> [Exercise aim]
Below is a listing; copy all of it exactly.

> [Exercise inputs]
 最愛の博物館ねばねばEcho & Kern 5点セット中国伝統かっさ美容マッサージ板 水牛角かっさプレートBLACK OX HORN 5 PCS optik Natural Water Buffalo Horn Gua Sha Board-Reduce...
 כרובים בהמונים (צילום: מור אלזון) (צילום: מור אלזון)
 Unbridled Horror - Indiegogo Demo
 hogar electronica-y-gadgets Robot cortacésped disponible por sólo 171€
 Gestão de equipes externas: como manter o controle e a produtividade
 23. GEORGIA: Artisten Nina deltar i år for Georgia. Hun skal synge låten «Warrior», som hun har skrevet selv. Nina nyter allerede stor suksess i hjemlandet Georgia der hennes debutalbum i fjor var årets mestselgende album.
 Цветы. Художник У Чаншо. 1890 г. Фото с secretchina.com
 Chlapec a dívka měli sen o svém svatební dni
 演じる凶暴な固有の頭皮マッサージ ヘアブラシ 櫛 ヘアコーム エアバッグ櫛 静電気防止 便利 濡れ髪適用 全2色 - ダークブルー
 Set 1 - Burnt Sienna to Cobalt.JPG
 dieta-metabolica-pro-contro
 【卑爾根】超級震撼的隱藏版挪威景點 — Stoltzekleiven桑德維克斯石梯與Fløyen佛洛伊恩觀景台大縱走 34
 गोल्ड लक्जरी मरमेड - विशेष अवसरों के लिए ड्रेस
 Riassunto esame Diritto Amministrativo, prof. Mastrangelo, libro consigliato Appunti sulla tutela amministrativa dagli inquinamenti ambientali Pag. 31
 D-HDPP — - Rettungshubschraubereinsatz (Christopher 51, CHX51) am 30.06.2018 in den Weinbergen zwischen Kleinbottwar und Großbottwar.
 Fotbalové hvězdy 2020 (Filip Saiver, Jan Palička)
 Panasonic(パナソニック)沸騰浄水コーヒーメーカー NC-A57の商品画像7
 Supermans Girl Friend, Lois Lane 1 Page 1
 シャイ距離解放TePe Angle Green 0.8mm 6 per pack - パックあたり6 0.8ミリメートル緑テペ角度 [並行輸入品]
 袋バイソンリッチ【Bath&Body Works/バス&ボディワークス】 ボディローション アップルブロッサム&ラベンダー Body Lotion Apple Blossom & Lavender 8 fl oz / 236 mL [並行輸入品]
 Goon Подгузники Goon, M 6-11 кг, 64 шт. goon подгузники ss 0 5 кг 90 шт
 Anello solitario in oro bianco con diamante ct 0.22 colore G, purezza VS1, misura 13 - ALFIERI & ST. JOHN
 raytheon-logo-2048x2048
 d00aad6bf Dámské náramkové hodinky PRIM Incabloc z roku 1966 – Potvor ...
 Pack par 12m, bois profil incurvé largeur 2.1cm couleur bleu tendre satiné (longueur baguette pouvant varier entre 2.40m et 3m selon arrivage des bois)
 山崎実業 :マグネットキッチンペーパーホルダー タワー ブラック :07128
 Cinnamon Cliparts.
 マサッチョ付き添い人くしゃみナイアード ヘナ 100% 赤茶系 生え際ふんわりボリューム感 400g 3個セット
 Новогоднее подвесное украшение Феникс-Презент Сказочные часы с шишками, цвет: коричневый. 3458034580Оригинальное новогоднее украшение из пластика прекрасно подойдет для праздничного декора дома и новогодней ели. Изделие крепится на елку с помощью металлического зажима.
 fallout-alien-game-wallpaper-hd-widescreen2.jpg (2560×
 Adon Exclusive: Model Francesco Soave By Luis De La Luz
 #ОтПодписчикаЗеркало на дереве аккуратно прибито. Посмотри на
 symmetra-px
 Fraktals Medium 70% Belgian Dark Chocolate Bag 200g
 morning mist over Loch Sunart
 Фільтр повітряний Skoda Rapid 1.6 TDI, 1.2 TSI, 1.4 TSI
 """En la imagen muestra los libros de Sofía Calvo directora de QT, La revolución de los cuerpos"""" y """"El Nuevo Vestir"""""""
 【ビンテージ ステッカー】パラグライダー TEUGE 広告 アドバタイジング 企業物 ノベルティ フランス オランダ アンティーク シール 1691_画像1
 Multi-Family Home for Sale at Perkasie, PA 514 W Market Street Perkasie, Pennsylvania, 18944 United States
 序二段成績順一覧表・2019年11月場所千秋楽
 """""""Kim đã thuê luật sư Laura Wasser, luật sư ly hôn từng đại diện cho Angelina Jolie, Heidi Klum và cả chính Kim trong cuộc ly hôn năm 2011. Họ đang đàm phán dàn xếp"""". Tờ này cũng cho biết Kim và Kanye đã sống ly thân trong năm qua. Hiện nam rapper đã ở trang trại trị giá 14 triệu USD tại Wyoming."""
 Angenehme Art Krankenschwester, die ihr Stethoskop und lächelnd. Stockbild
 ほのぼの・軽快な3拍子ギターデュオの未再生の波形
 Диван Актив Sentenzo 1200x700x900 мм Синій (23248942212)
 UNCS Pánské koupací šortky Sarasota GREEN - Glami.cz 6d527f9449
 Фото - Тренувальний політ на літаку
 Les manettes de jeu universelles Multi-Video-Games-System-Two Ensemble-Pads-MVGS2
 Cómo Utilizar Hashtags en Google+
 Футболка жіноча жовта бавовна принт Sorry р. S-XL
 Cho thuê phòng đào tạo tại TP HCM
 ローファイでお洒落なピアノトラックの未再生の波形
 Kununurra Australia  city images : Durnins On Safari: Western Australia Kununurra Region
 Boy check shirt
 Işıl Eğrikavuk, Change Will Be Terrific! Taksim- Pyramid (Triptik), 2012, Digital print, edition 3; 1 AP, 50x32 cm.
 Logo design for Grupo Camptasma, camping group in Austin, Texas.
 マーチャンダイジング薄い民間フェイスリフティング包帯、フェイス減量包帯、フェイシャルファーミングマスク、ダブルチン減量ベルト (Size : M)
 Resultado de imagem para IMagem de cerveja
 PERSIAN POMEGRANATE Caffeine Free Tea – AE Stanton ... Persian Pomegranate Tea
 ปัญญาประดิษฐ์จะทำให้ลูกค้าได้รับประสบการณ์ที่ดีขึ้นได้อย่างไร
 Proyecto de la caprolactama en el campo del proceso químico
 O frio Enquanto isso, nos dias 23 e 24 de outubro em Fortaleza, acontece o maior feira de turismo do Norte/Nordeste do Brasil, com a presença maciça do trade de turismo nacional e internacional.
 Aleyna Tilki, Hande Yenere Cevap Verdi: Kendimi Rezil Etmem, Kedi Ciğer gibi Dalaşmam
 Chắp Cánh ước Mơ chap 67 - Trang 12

> [Exercise output]
 最愛の博物館ねばねばEcho & Kern 5点セット中国伝統かっさ美容マッサージ板 水牛角かっさプレートBLACK OX HORN 5 PCS optik Natural Water Buffalo Horn Gua Sha Board-Reduce...
 כרובים בהמונים (צילום: מור אלזון) (צילום: מור אלזון)
 Unbridled Horror - Indiegogo Demo
 hogar electronica-y-gadgets Robot cortacésped disponible por sólo 171€
 Gestão de equipes externas: como manter o controle e a produtividade
 23. GEORGIA: Artisten Nina deltar i år for Georgia. Hun skal synge låten «Warrior», som hun har skrevet selv. Nina nyter allerede stor suksess i hjemlandet Georgia der hennes debutalbum i fjor var årets mestselgende album.
 Цветы. Художник У Чаншо. 1890 г. Фото с secretchina.com
 Chlapec a dívka měli sen o svém svatební dni
 演じる凶暴な固有の頭皮マッサージ ヘアブラシ 櫛 ヘアコーム エアバッグ櫛 静電気防止 便利 濡れ髪適用 全2色 - ダークブルー
 Set 1 - Burnt Sienna to Cobalt.JPG
 dieta-metabolica-pro-contro
 【卑爾根】超級震撼的隱藏版挪威景點 — Stoltzekleiven桑德維克斯石梯與Fløyen佛洛伊恩觀景台大縱走 34
 गोल्ड लक्जरी मरमेड - विशेष अवसरों के लिए ड्रेस
 Riassunto esame Diritto Amministrativo, prof. Mastrangelo, libro consigliato Appunti sulla tutela amministrativa dagli inquinamenti ambientali Pag. 31
 D-HDPP — - Rettungshubschraubereinsatz (Christopher 51, CHX51) am 30.06.2018 in den Weinbergen zwischen Kleinbottwar und Großbottwar.
 Fotbalové hvězdy 2020 (Filip Saiver, Jan Palička)
 Panasonic(パナソニック)沸騰浄水コーヒーメーカー NC-A57の商品画像7
 Supermans Girl Friend, Lois Lane 1 Page 1
 シャイ距離解放TePe Angle Green 0.8mm 6 per pack - パックあたり6 0.8ミリメートル緑テペ角度 [並行輸入品]
 袋バイソンリッチ【Bath&Body Works/バス&ボディワークス】 ボディローション アップルブロッサム&ラベンダー Body Lotion Apple Blossom & Lavender 8 fl oz / 236 mL [並行輸入品]
 Goon Подгузники Goon, M 6-11 кг, 64 шт. goon подгузники ss 0 5 кг 90 шт
 Anello solitario in oro bianco con diamante ct 0.22 colore G, purezza VS1, misura 13 - ALFIERI & ST. JOHN
 raytheon-logo-2048x2048
 d00aad6bf Dámské náramkové hodinky PRIM Incabloc z roku 1966 – Potvor ...
 Pack par 12m, bois profil incurvé largeur 2.1cm couleur bleu tendre satiné (longueur baguette pouvant varier entre 2.40m et 3m selon arrivage des bois)
 山崎実業 :マグネットキッチンペーパーホルダー タワー ブラック :07128
 Cinnamon Cliparts.
 マサッチョ付き添い人くしゃみナイアード ヘナ 100% 赤茶系 生え際ふんわりボリューム感 400g 3個セット
 Новогоднее подвесное украшение Феникс-Презент Сказочные часы с шишками, цвет: коричневый. 3458034580Оригинальное новогоднее украшение из пластика прекрасно подойдет для праздничного декора дома и новогодней ели. Изделие крепится на елку с помощью металлического зажима.
 fallout-alien-game-wallpaper-hd-widescreen2.jpg (2560×
 Adon Exclusive: Model Francesco Soave By Luis De La Luz
 #ОтПодписчикаЗеркало на дереве аккуратно прибито. Посмотри на
 symmetra-px
 Fraktals Medium 70% Belgian Dark Chocolate Bag 200g
 morning mist over Loch Sunart
 Фільтр повітряний Skoda Rapid 1.6 TDI, 1.2 TSI, 1.4 TSI
 """En la imagen muestra los libros de Sofía Calvo directora de QT, La revolución de los cuerpos"""" y """"El Nuevo Vestir"""""""
 【ビンテージ ステッカー】パラグライダー TEUGE 広告 アドバタイジング 企業物 ノベルティ フランス オランダ アンティーク シール 1691_画像1
 Multi-Family Home for Sale at Perkasie, PA 514 W Market Street Perkasie, Pennsylvania, 18944 United States
 序二段成績順一覧表・2019年11月場所千秋楽
 """""""Kim đã thuê luật sư Laura Wasser, luật sư ly hôn từng đại diện cho Angelina Jolie, Heidi Klum và cả chính Kim trong cuộc ly hôn năm 2011. Họ đang đàm phán dàn xếp"""". Tờ này cũng cho biết Kim và Kanye đã sống ly thân trong năm qua. Hiện nam rapper đã ở trang trại trị giá 14 triệu USD tại Wyoming."""
 Angenehme Art Krankenschwester, die ihr Stethoskop und lächelnd. Stockbild
 ほのぼの・軽快な3拍子ギターデュオの未再生の波形
 Диван Актив Sentenzo 1200x700x900 мм Синій (23248942212)
 UNCS Pánské koupací šortky Sarasota GREEN - Glami.cz 6d527f9449
 Фото - Тренувальний політ на літаку
 Les manettes de jeu universelles Multi-Video-Games-System-Two Ensemble-Pads-MVGS2
 Cómo Utilizar Hashtags en Google+
 Футболка жіноча жовта бавовна принт Sorry р. S-XL
 Cho thuê phòng đào tạo tại TP HCM
 ローファイでお洒落なピアノトラックの未再生の波形
 Kununurra Australia  city images : Durnins On Safari: Western Australia Kununurra Region
 Boy check shirt
 Işıl Eğrikavuk, Change Will Be Terrific! Taksim- Pyramid (Triptik), 2012, Digital print, edition 3; 1 AP, 50x32 cm.
 Logo design for Grupo Camptasma, camping group in Austin, Texas.
 マーチャンダイジング薄い民間フェイスリフティング包帯、フェイス減量包帯、フェイシャルファーミングマスク、ダブルチン減量ベルト (Size : M)
 Resultado de imagem para IMagem de cerveja
 PERSIAN POMEGRANATE Caffeine Free Tea – AE Stanton ... Persian Pomegranate Tea
 ปัญญาประดิษฐ์จะทำให้ลูกค้าได้รับประสบการณ์ที่ดีขึ้นได้อย่างไร
 Proyecto de la caprolactama en el campo del proceso químico
 O frio Enquanto isso, nos dias 23 e 24 de outubro em Fortaleza, acontece o maior feira de turismo do Norte/Nordeste do Brasil, com a presença maciça do trade de turismo nacional e internacional.
 Aleyna Tilki, Hande Yenere Cevap Verdi: Kendimi Rezil Etmem, Kedi Ciğer gibi Dalaşmam
 Chắp Cánh ước Mơ chap 67 - Trang 12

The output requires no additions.